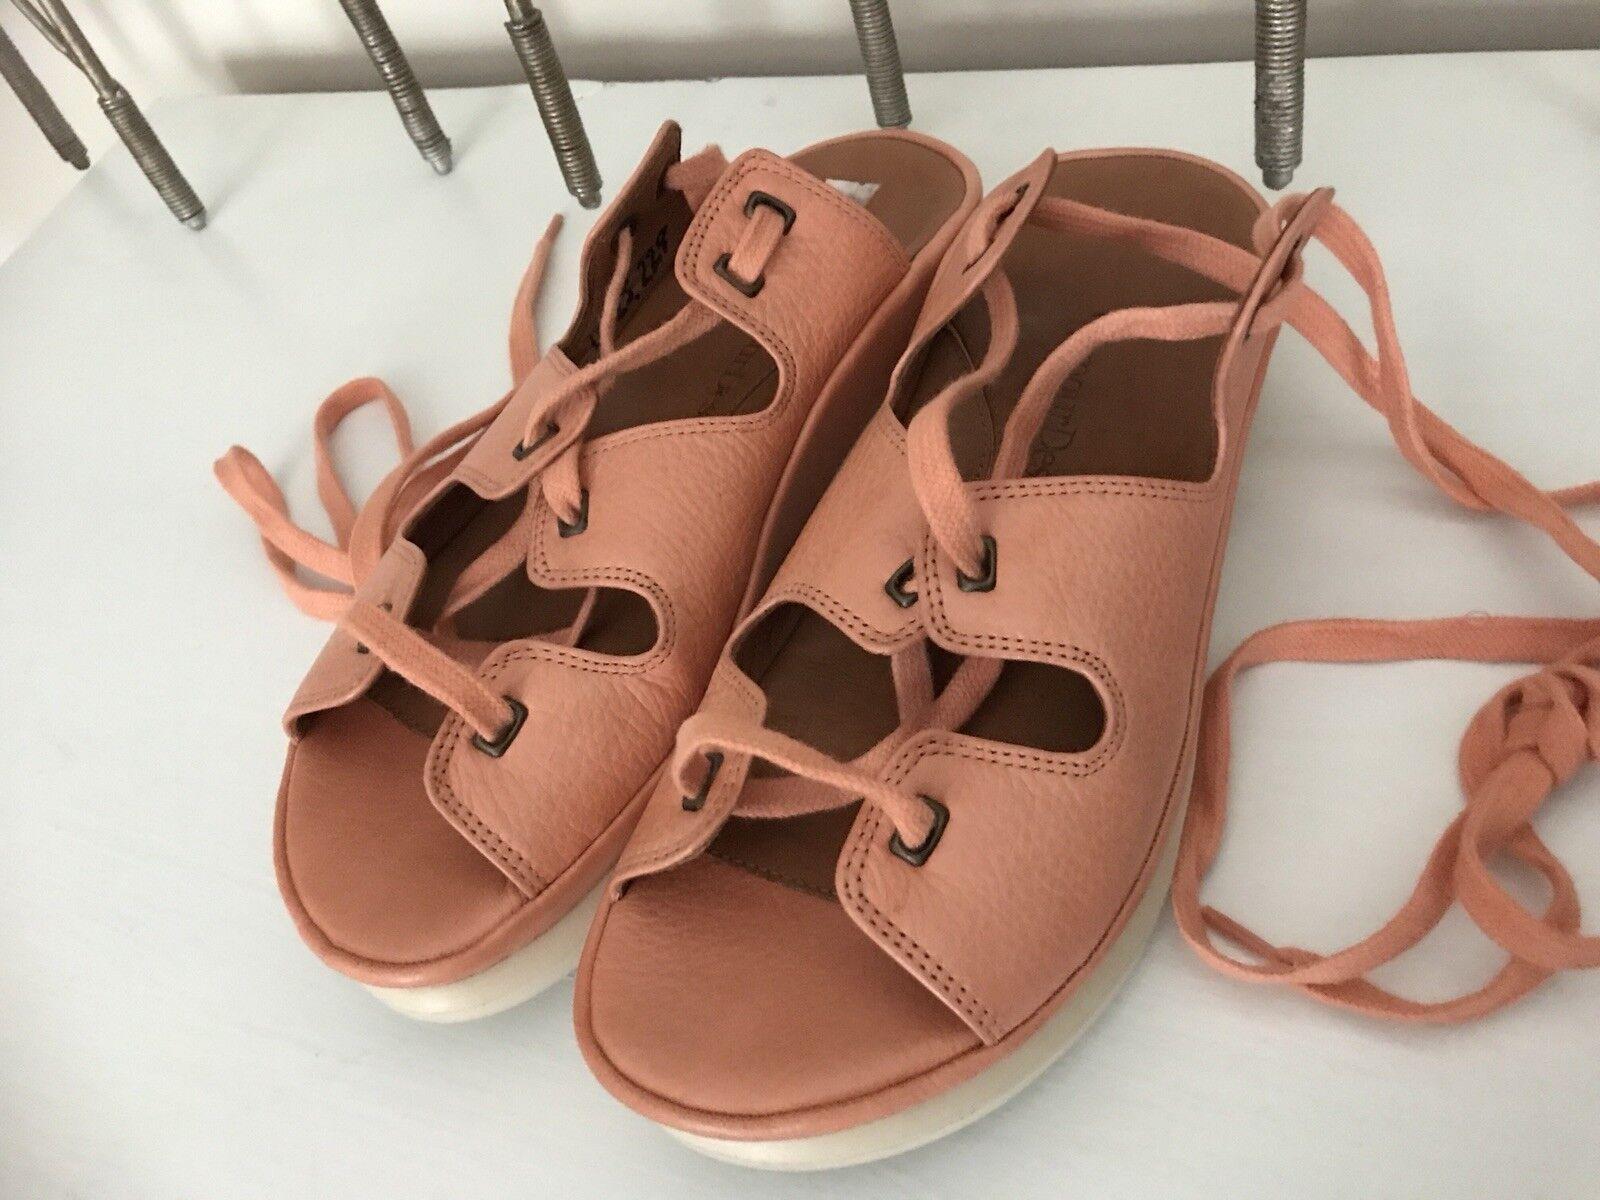 7 amour des pieds Ghillie LACED Gladiateur Style saumon Sandales en cuir
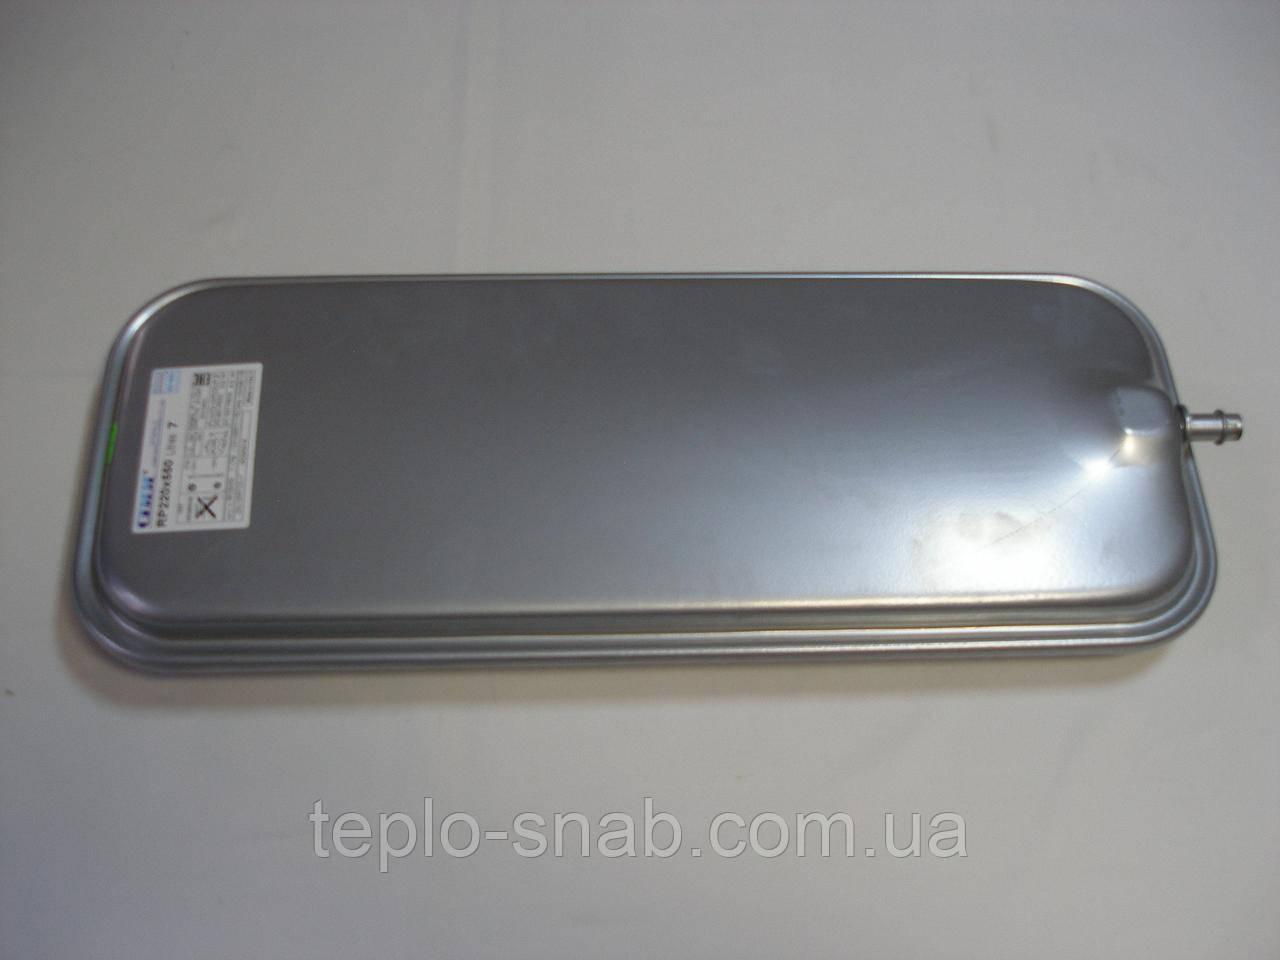 Расширительный бак 7 л. газового настенного котла Ferroli Domiproject C24D/F24D, FerEasy C24D/F24D. 39827800.
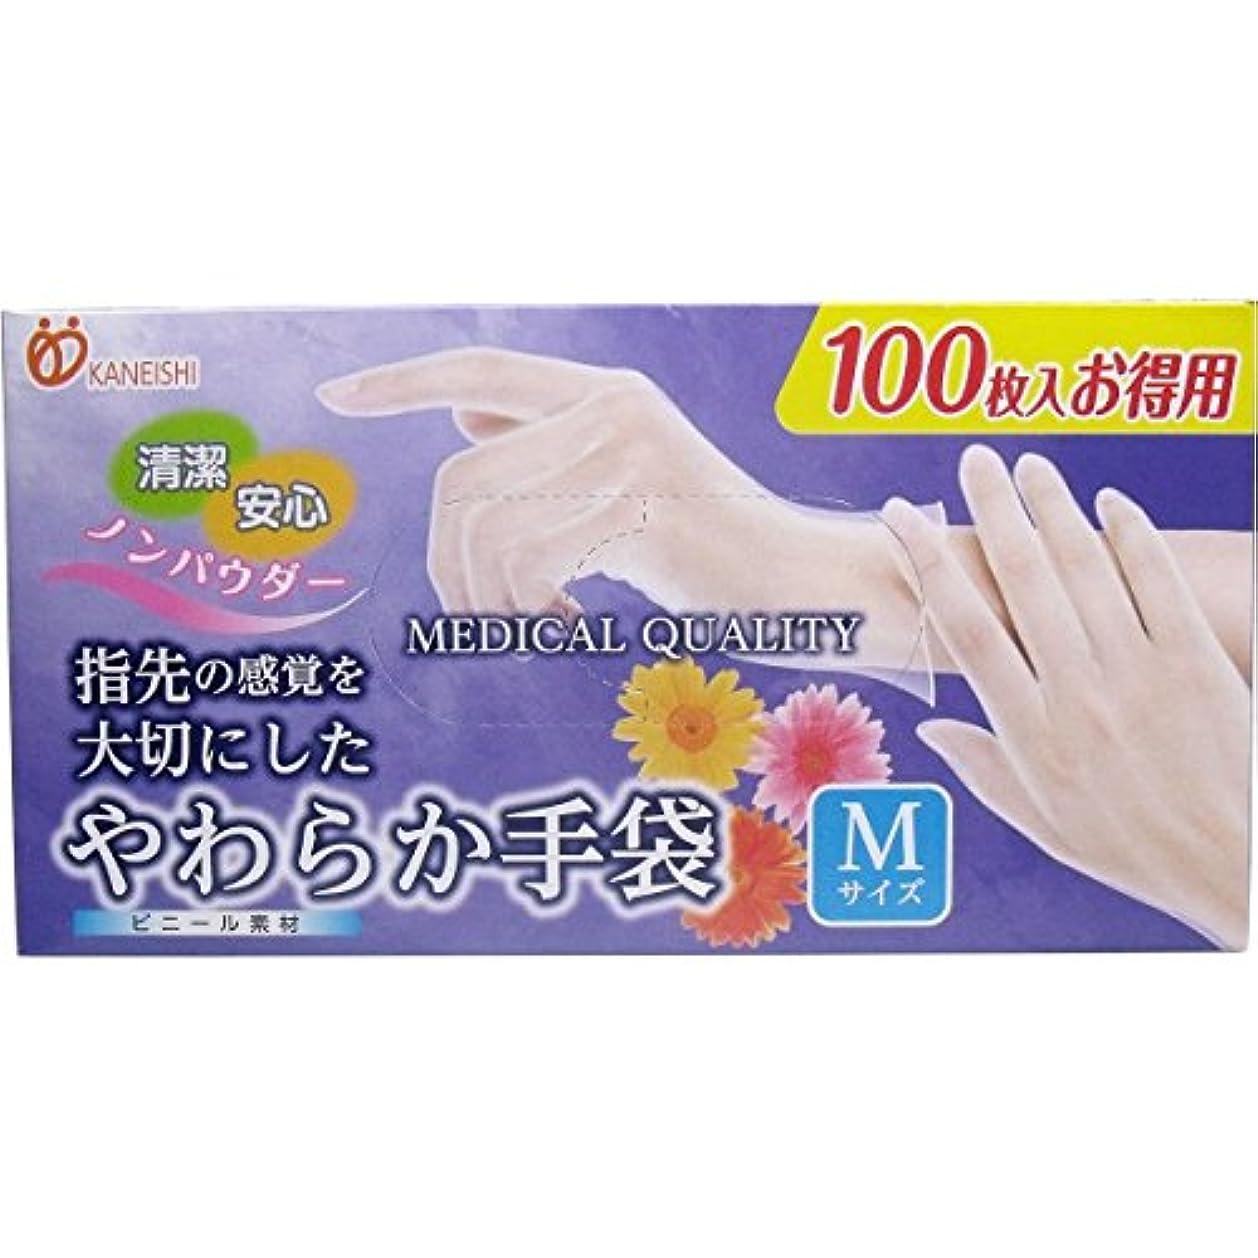 子供時代豆ストリップやわらか手袋 ビニール素材 Mサイズ 100枚入x8

WORK ITEM — I'd like the material repeated word for word, without the pictures it holds.

RESPONSE AREA —
 7 amour des pieds Ghillie LACED Gladiateur Style saumon Sandales en cuir
 Расширительный бак 7 л. газового настенного котла Ferroli Domiproject C24D/F24D, FerEasy C24D/F24D. 39827800.
 子供時代豆ストリップやわらか手袋 ビニール素材 Mサイズ 100枚入x8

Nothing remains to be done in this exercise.